As he fought the potential designation, Spigner encountered a larger city effort that he worries could entrap hundreds of other unsuspecting black homeowners in East Austin. At the Sept. 26 meeting of the Historic Landmark Commission, Spigner's case and 11 others were postponed upon the request of Council Member Ora Houston, who lives two doors down from the house Spigner would like to sell. (Houston's office did not respond to requests for comment for this story.)
Houston had apparently wanted the commission to hold off on any decisions pending the completion of the East Austin Cultural Resources Survey, a sweeping inventory of 6,600 houses, shops, swimming pools, and even garages. Last November, the city hired architectural historians from Hardy·Heck·Moore Inc. to catalog these "resources," determine which ones could qualify as landmarks, and also map out potential historic districts.

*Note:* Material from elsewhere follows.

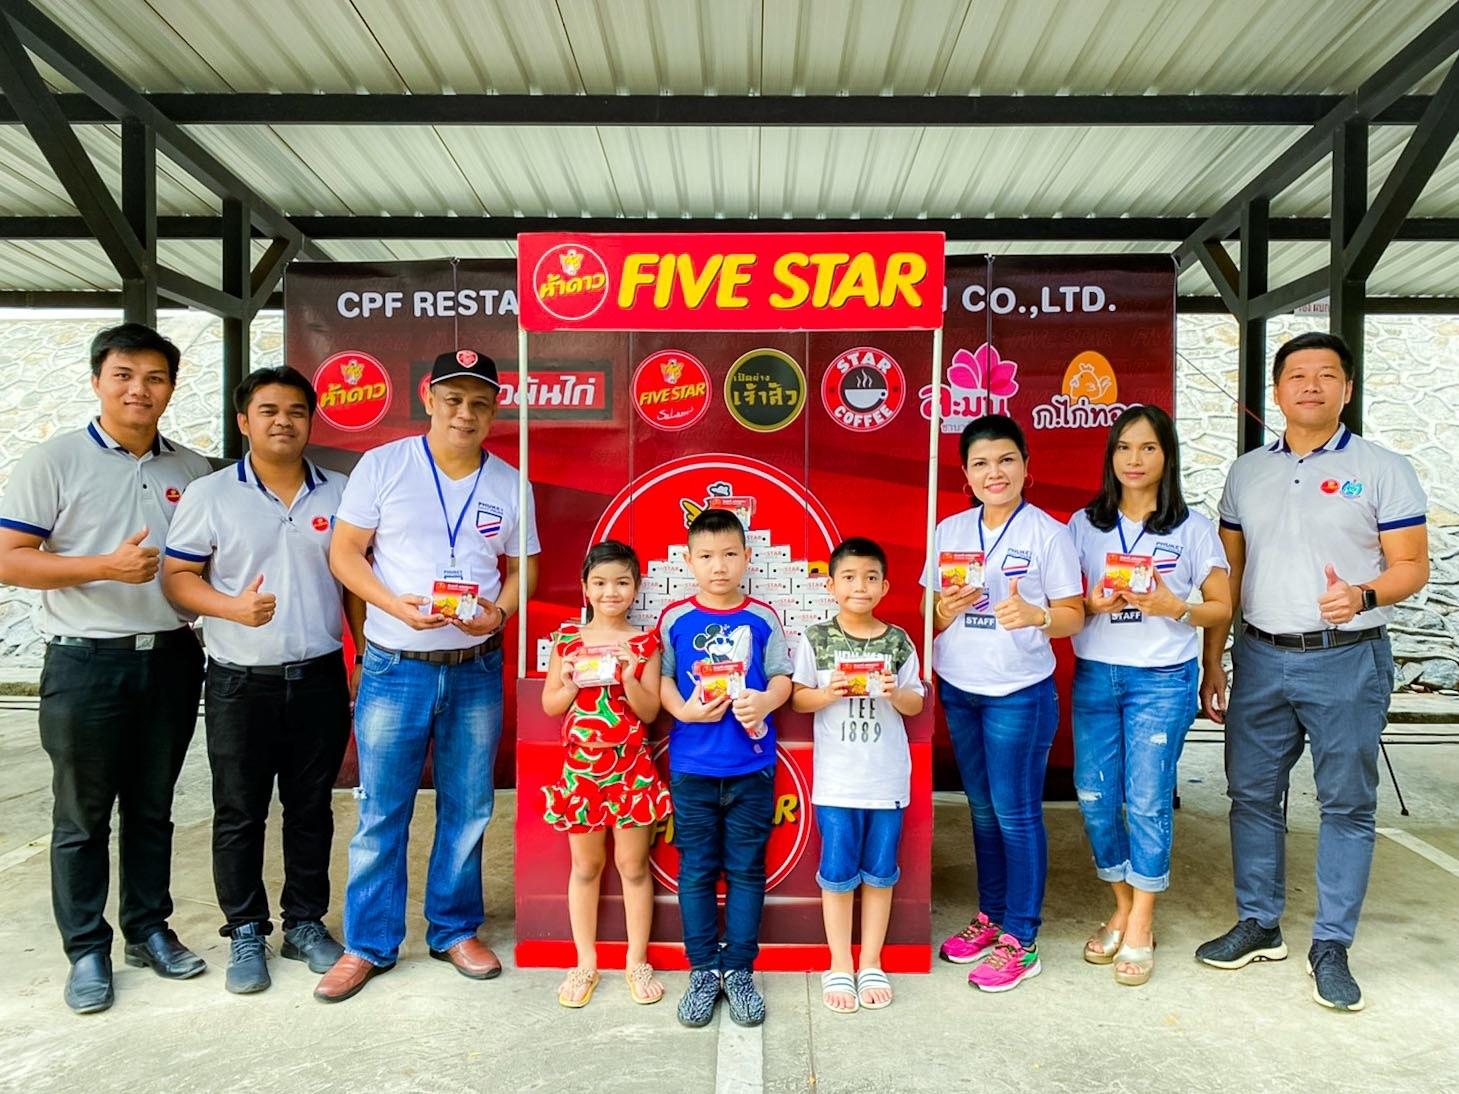 ธุรกิจห้าดาวทั่วไทย ร่วมมอบความสุขและความอิ่มอร่อย ในวันเด็กแห่งชาติ 2563

Emily Payne, an architectural historian with HHM, said on Monday that the survey is complete and its recommendations are now on their way to City Council. (The city released the survey to the public on Tuesday.) She described the process as a "proactive" step to collect oral histories and archival information on Eastside properties for guidance in future preservation discussions. The vast scope of the survey – bordered by I-35 to the west, Lady Bird Lake to the south, Pleasant Valley and Capital Metro's Red Line to the east, and Manor Road on the north – guarantees more consistent and accurate results, Payne said.
Houston's interest in the survey aligns with her opposition to rampant redevelopment. However, her use of it to postpone a decision on his demolition permit rankled Spigner. His outburst at the September commission meeting attracted media coverage which may have played in his favor at the most recent meeting on Oct. 24. This time, Houston did not intervene and the commission approved the permit on its consent agenda.
Even with his permit in hand, Spigner is sounding the alarm about the implications of the survey. He and Spears both criticized HHM for not doing enough to notify residents about the ongoing study. Payne said the firm sent two separate letters to all residents in the survey area, once in January and again in August. Spigner suggested many recipients may have thrown away the envelopes with the rest of the junk mail. He also pointed out that older residents may not have had the wherewithal to visit the internet address listed in the letters.
In any case, Payne stressed that the survey recommendations would not directly lead to the historic zoning of any properties. For individual homes, that process would only get started when a property owner seeks the landmark designation or applies for a demolition permit. The decision must then be cleared by the Historic Landmark Commission, the Planning Commission, and ultimately City Council. "They can use the survey results as an informational tool to help guide their votes, but it doesn't circumvent the public process," said Payne.
But residents could still find metaphorical amber pouring over their buildings without their consent. Of the 6,600 resources included in the survey, 2,611 could be eligible for inclusion in a historic district, which requires the support of 51% of property owners inside its proposed boundaries. Any contributing structure in a district would have to be maintained. Noncontributing structures could be torn down, but their replacements would have to be built to comply with rigidly defined design standards.
Spigner painted the attempts to preserve homes in the name of Eastside culture as misguided. The narrative legacies of past residents are lost in the faces of silent structures. Plaques, memorials, or other storytelling devices, Spigner said, are more appropriate for keeping alive the flame of Eastside history. Instead, he challenged, the city is using preservation in East Austin to overcorrect for years of benign neglect that came after years of codified isolation.
Spigner compared it to the pre-war city plan that drew racial boundaries in Austin and only allowed blacks to live east of Downtown. "The city has to give you approval to do what you'd like to do," said Spigner. "It's the same unfairness as 1928. It's ironic."